Exercise instructions. Leave the pictures out. Retype exactly the lines below from the one containing "新しく赴任してきた石川師長は" through the one containing "tropical beach image", and no others.

Recorded information.
........

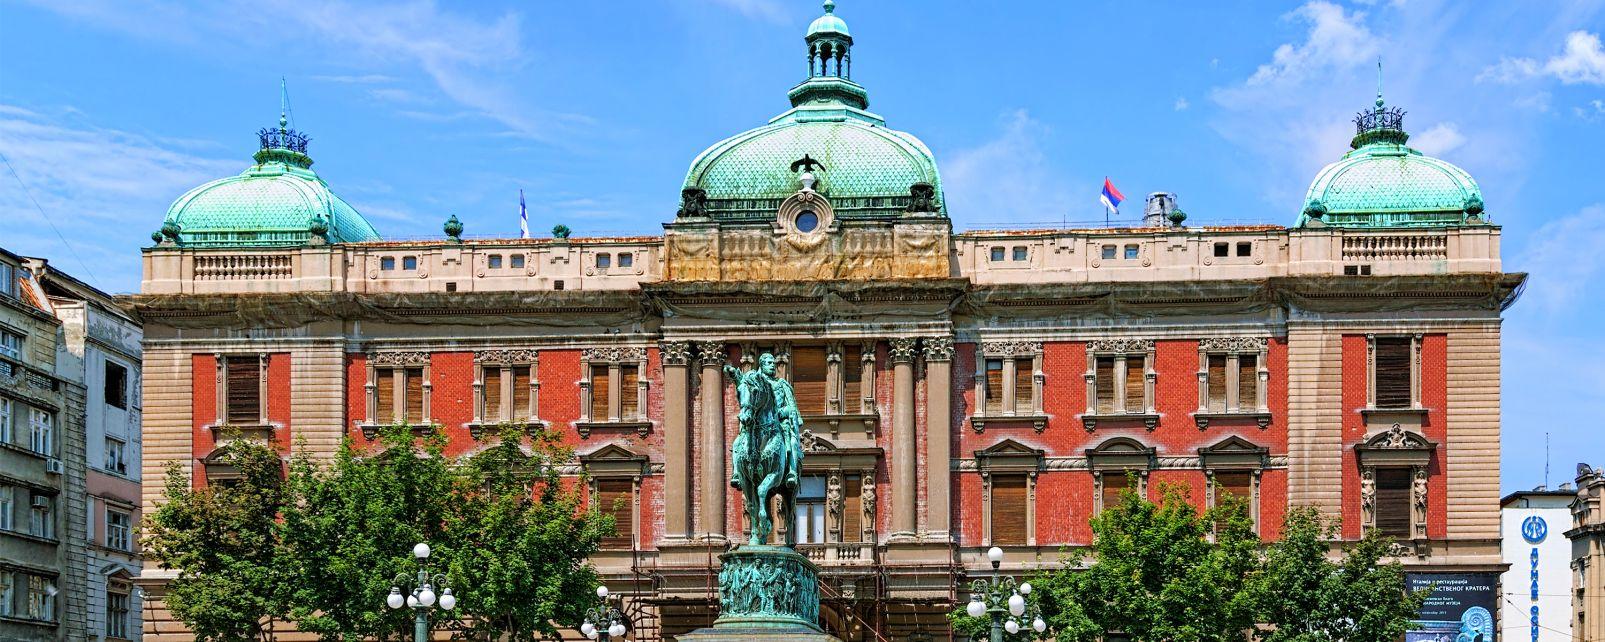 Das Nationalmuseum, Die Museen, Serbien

........

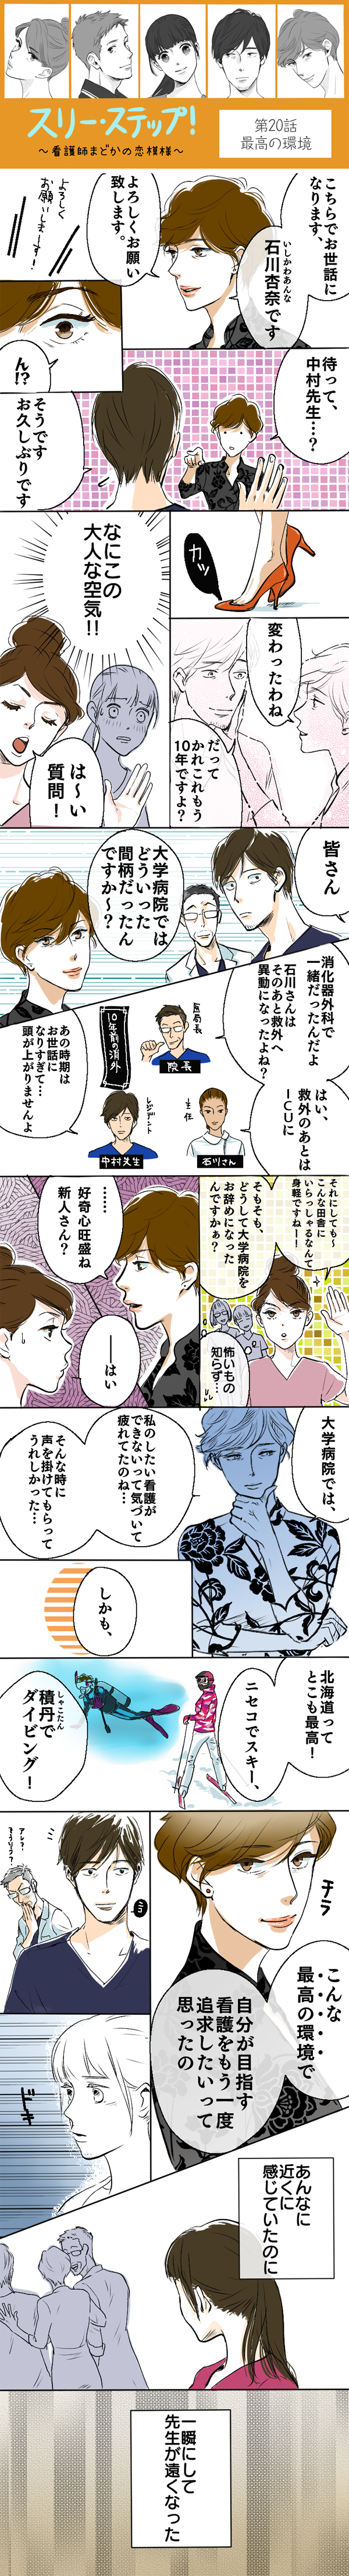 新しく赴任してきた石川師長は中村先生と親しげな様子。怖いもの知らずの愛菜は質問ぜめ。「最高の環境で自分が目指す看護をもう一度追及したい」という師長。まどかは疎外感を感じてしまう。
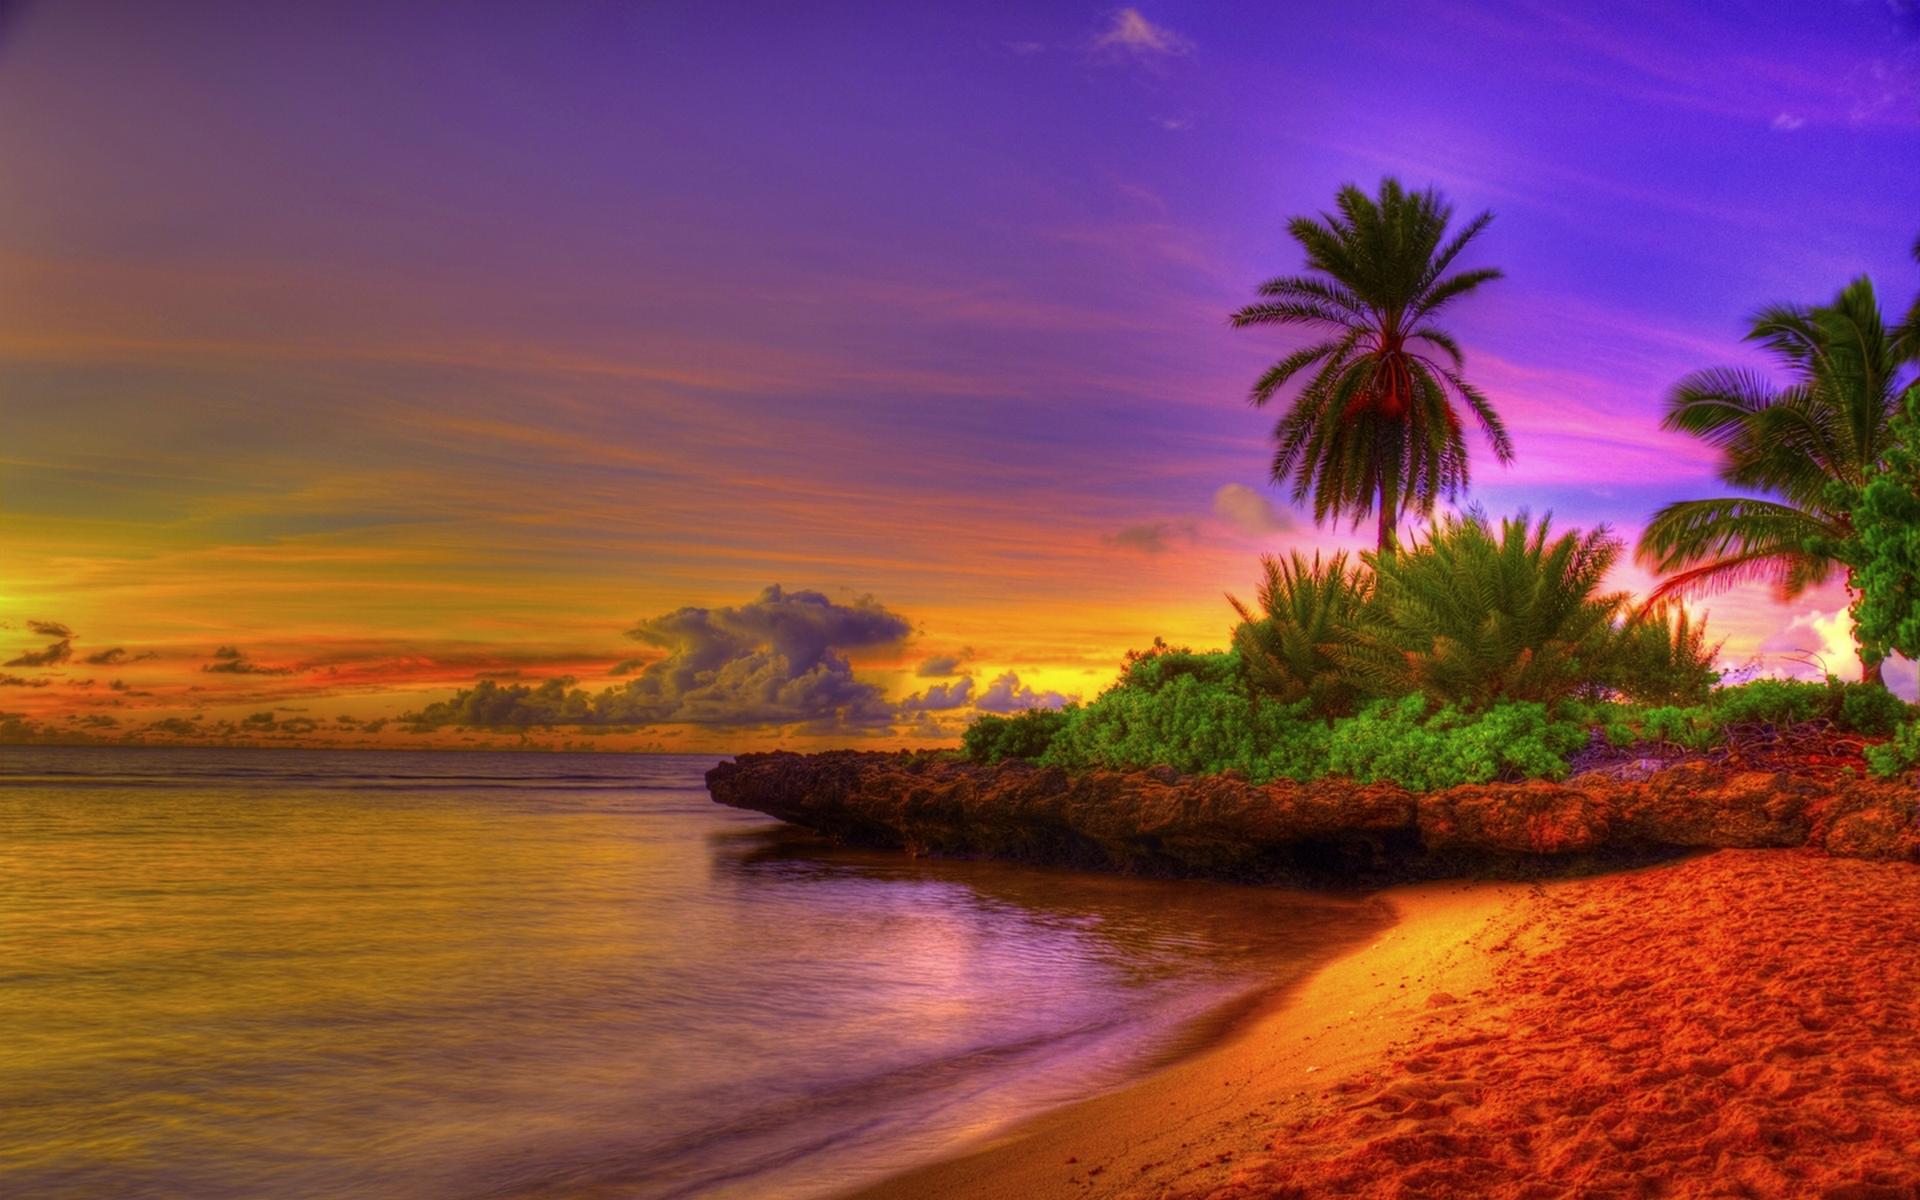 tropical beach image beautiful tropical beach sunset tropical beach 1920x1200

........

Your response.
 新しく赴任してきた石川師長は中村先生と親しげな様子。怖いもの知らずの愛菜は質問ぜめ。「最高の環境で自分が目指す看護をもう一度追及したい」という師長。まどかは疎外感を感じてしまう。
 tropical beach image beautiful tropical beach sunset tropical beach 1920x1200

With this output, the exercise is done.